## Recorded data
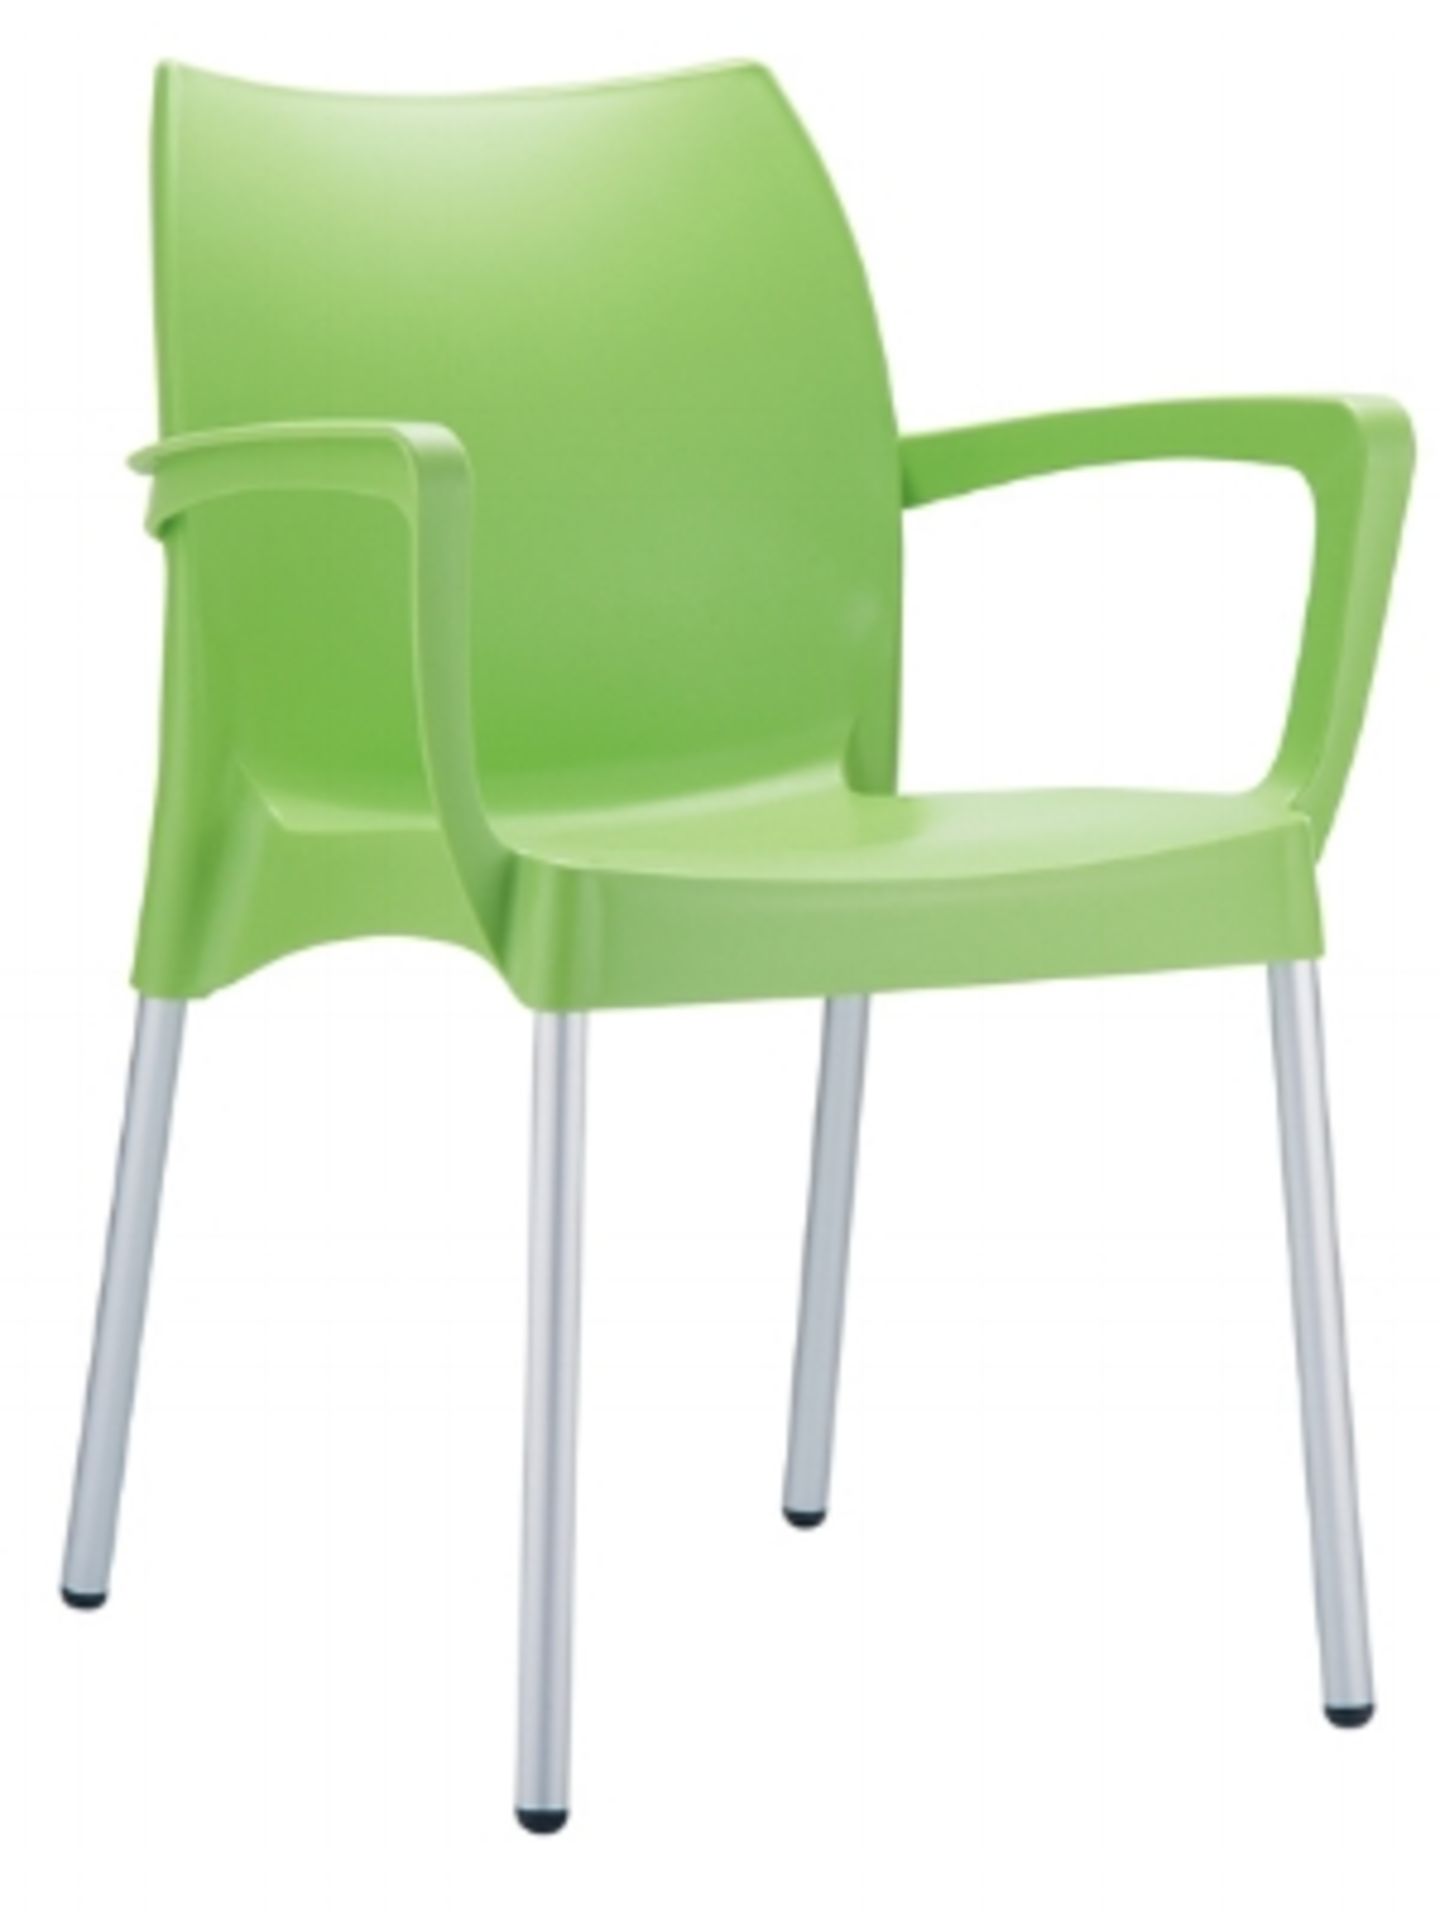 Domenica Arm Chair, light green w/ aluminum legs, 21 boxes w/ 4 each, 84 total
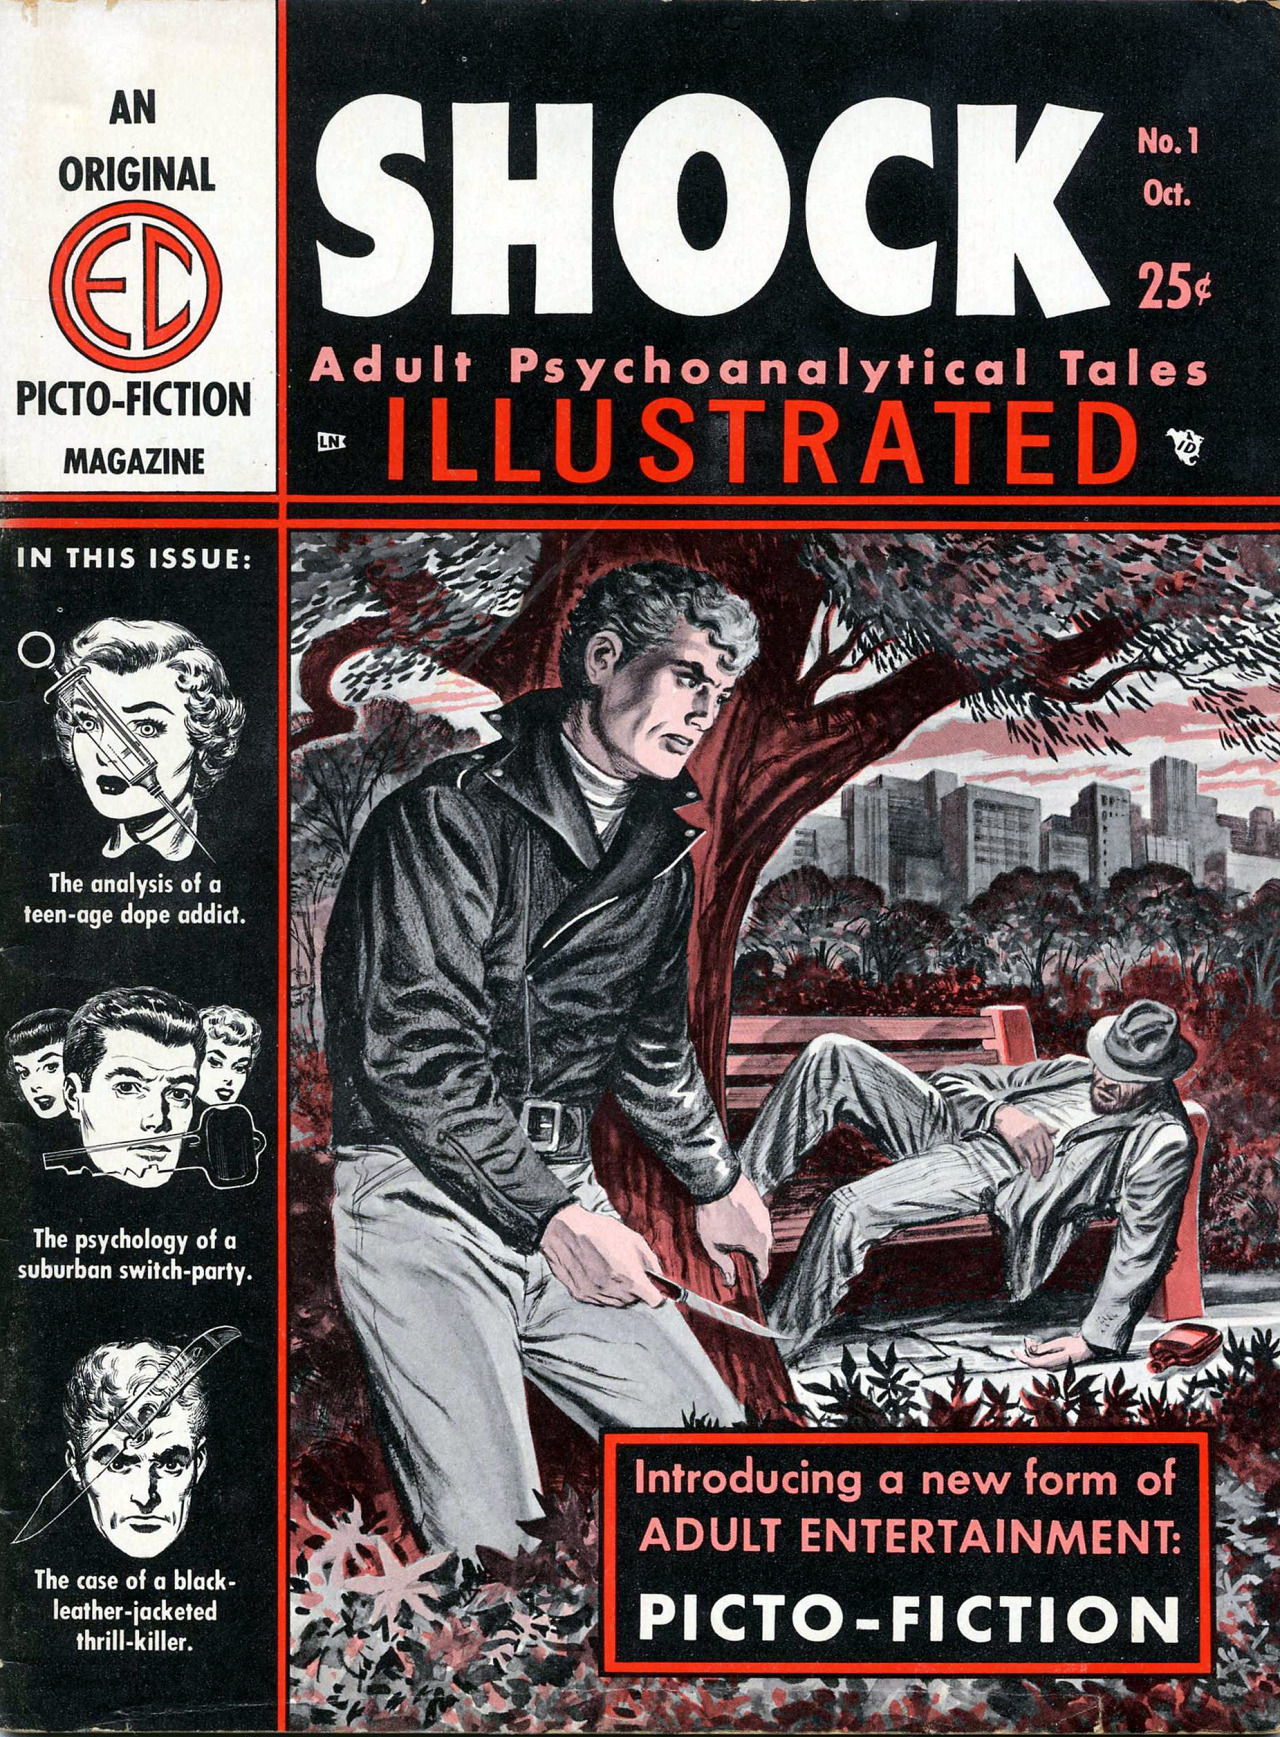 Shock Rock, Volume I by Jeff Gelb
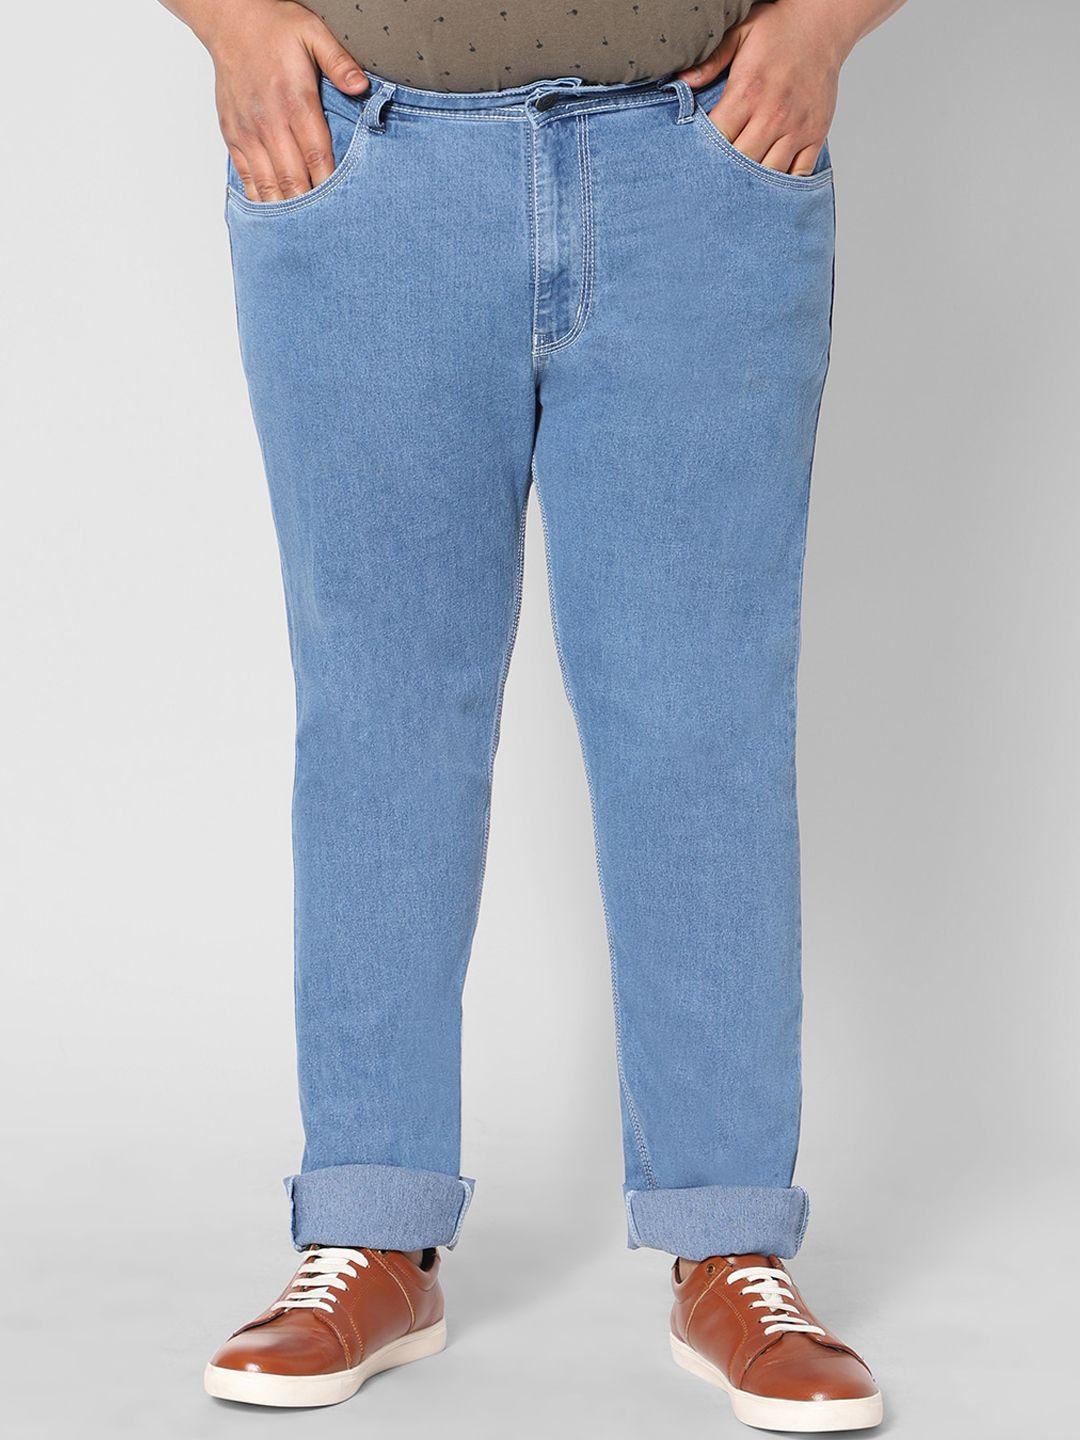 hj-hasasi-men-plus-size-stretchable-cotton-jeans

## Work instructions
Copy exactly, and copy only, the lines from the one bearing "Shock Rock, Volume I by Jeff Gelb" through the closing line of the material, with both ends kept and pictures removed.

## Result of the exercise
 Shock Rock, Volume I by Jeff Gelb
 hj-hasasi-men-plus-size-stretchable-cotton-jeans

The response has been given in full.